ABOUT THIS EXERCISE
When you transcribe the listing, keep each line exact and drop the pictures.

SUPPLIED MATERIAL
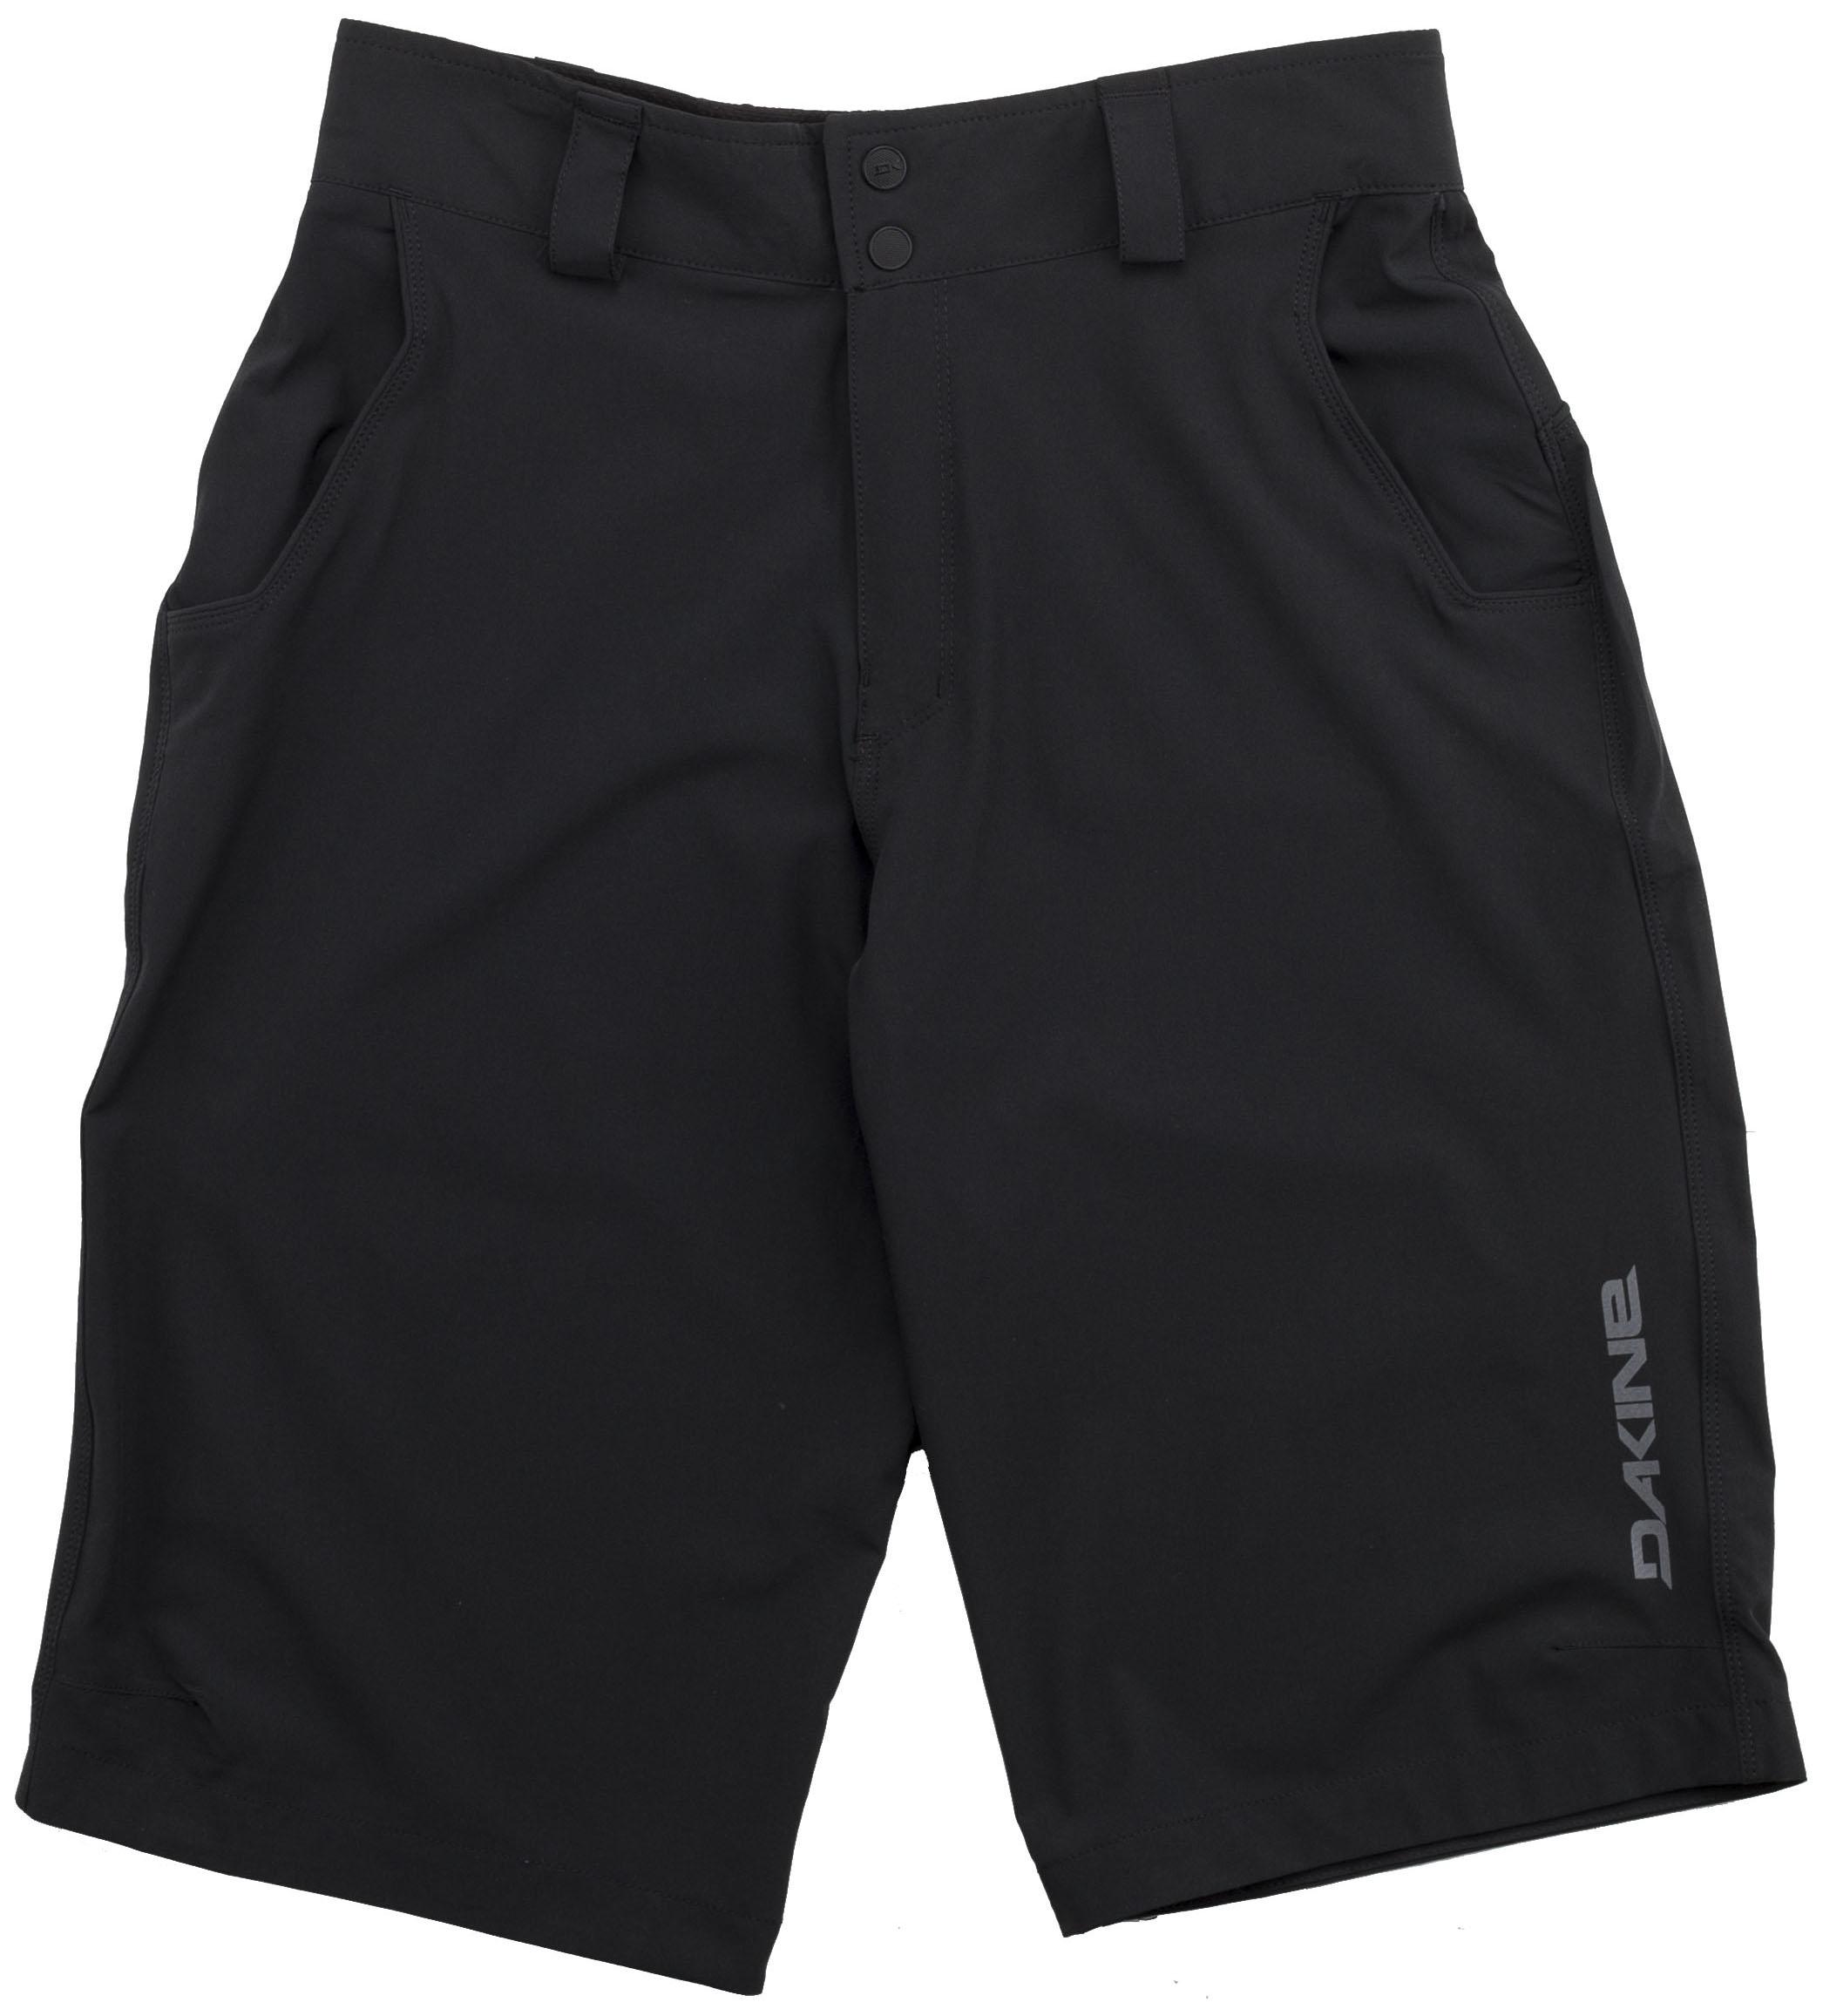 Dakine Pace Shorts 2016
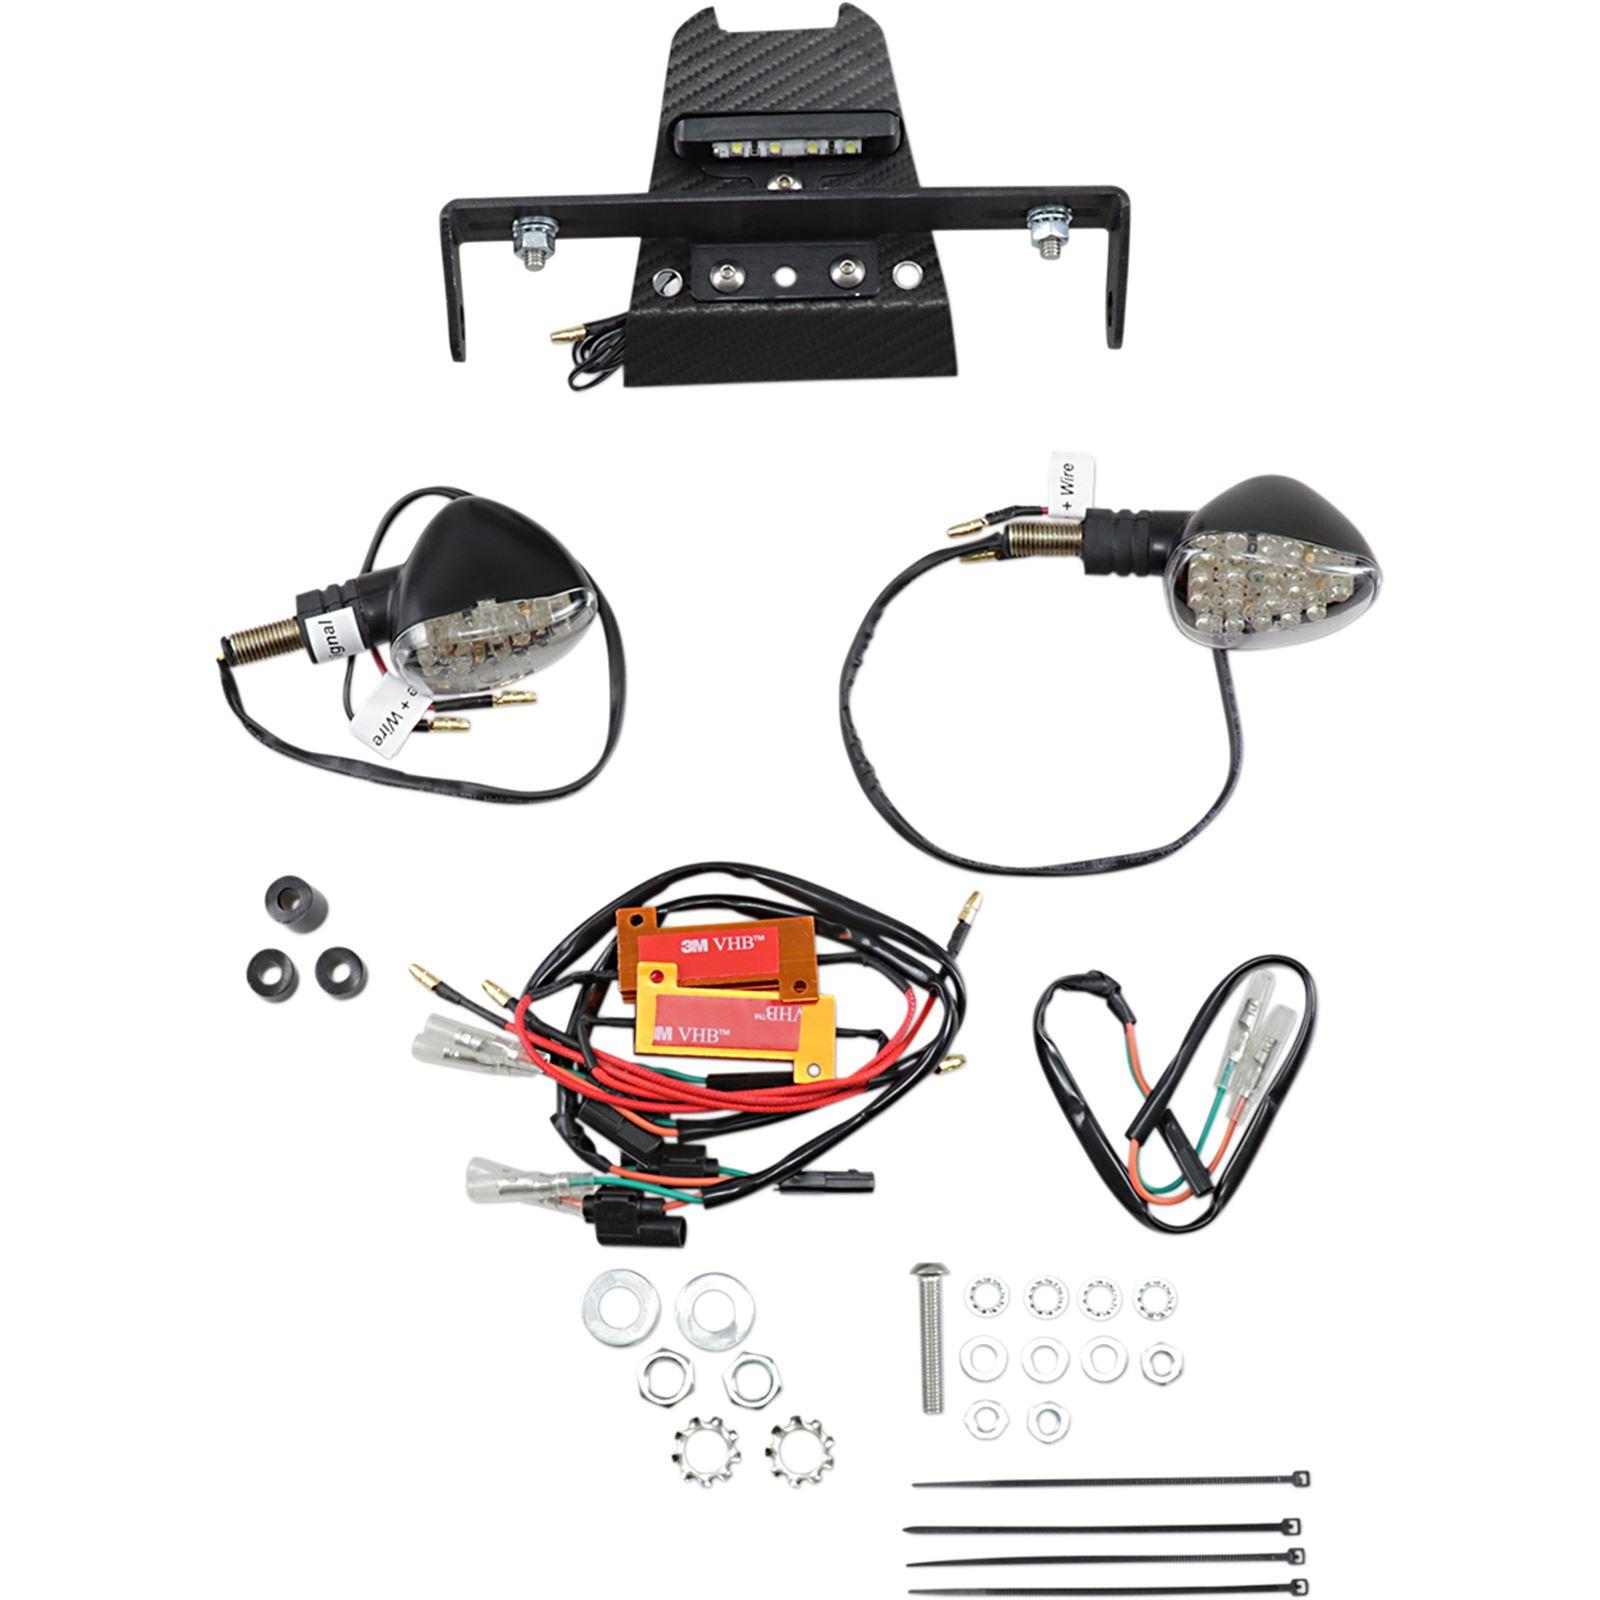 Targa Tail Kit with LED Signals - CBR650F '14-'16
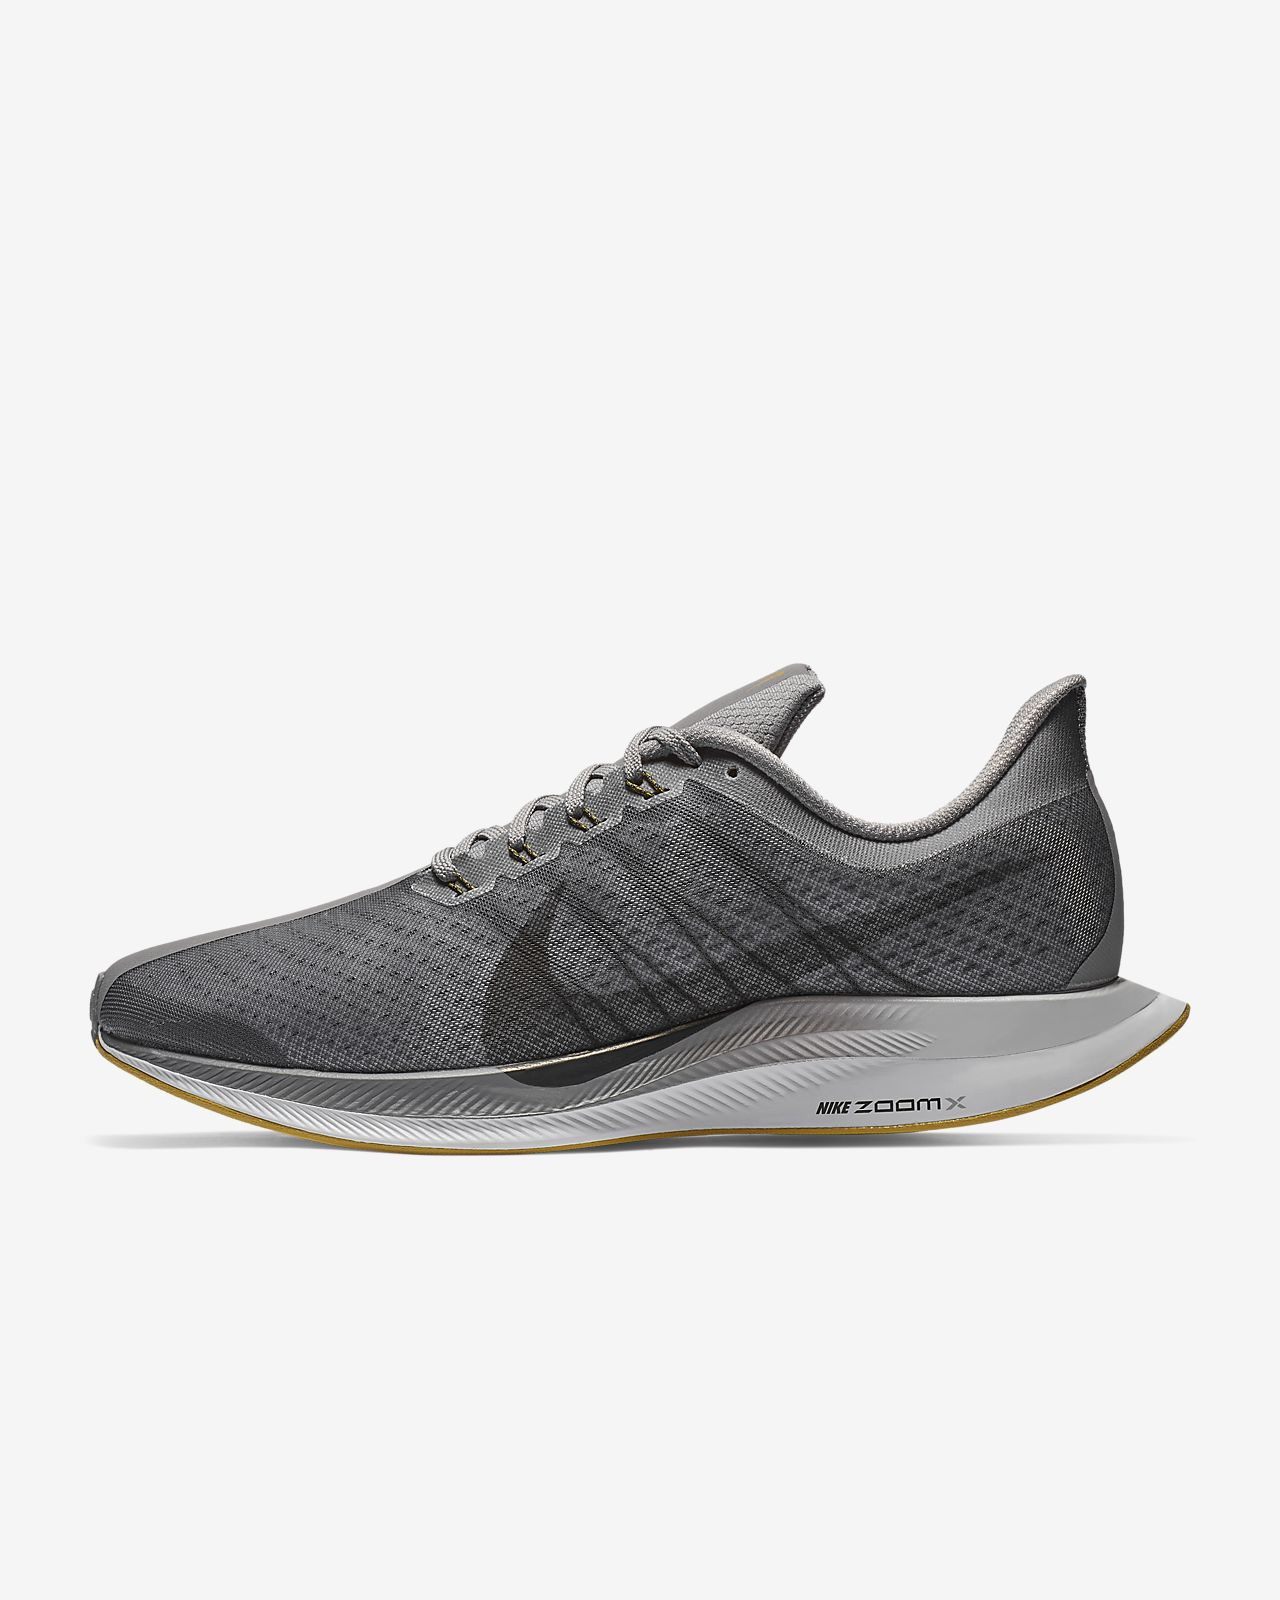 Nike Zoom Pegasus Turbo Herren-Laufschuh

COMPLETED EXERCISE
 Dakine Pace Shorts 2016
 Targa Tail Kit with LED Signals - CBR650F '14-'16
 Nike Zoom Pegasus Turbo Herren-Laufschuh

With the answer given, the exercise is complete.